Yeah, I do get small bursts of those, but not enough to get too worried about. I was assuming it was hitting process_limit for imap. On one box, for all of today I see two clusters of those errors, both lasting about 15-20 seconds apiece.

The problem is that the smaller I set client_limit (including =1) on imap, the more likely the mass of imap processes will push these box into swap (and these are old 2gig boxes; hoping to get replace them soon with newer Dells, like PE 450's).

Stan Hoeppner

2:54 a.m.

Mark Moseley put forth on 12/9/2010 12:18 PM:

...

If you at some point upgrade to >2.6.35, I'd be interested to hear if the load skyrockets on you. I also get the impression that the load average calculation in these recent kernels is 'touchier' than in pre-2.6.35.

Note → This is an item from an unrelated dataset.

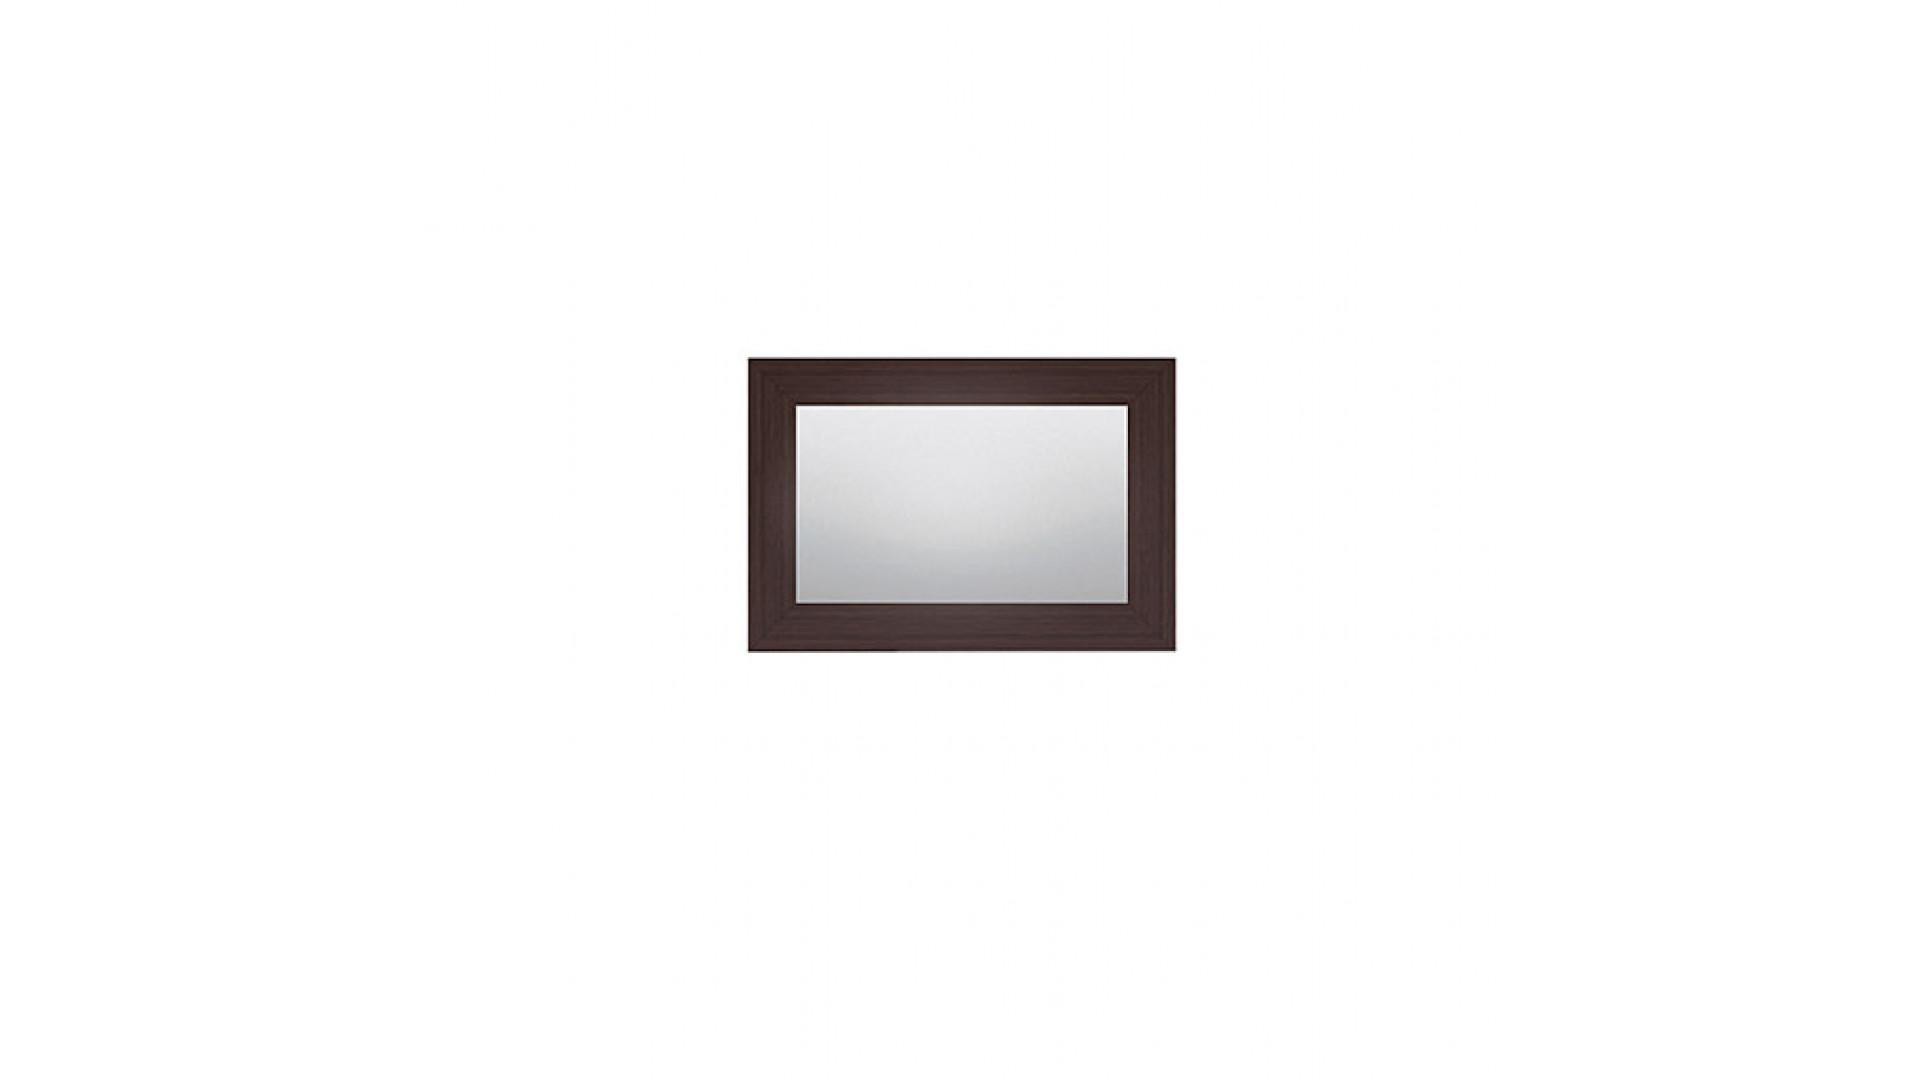 зеркало над комодом Кураж Парма

This thread may be of value in relation to this issue:

http://groups.google.com/group/linux.kernel/browse_thread/thread/eb5cb488b74...

It seems there are some load issues regarding recent Linux kernels, from 2.6.34 (maybe earlier?) on up. The commit of the patch to fix it was Dec 8th--yesterday. So it'll be a while before distros get this patch out.

However, this still doesn't seem to explain Ralf's issue, where the kernel stays the same, but the Dovecot version changes, with 2.0.x causing the high load and 1.2.x being normal. Maybe 2.0.x simply causes this bug to manifest itself more loudly?

This Linux kernel bug doesn't explain the high load reported with 2.0.x on FreeBSD either. But it is obviously somewhat at play for people running these kernels versions and 2.0.x. To what degree it adds to the load I cannot say.

-- Stan

Timo Sirainen

3:10 a.m.

On 10.12.2010, at 0.54, Stan Hoeppner wrote:

...

However, this still doesn't seem to explain Ralf's issue, where the kernel stays the same, but the Dovecot version changes, with 2.0.x causing the high load and 1.2.x being normal. Maybe 2.0.x simply causes this bug to manifest itself more loudly?

Cor's debugging has so far shown that a single epoll_wait() call can sometimes generate a few thousand voluntary context switches. I can't really understand how that's possible. Those epoll_wait() calls about half of the total voluntary context switches generated by imap processes. We'll see tomorrow if poll() works better or if a small patch I made makes it better.

...

This Linux kernel bug doesn't explain the high load reported with 2.0.x on FreeBSD either.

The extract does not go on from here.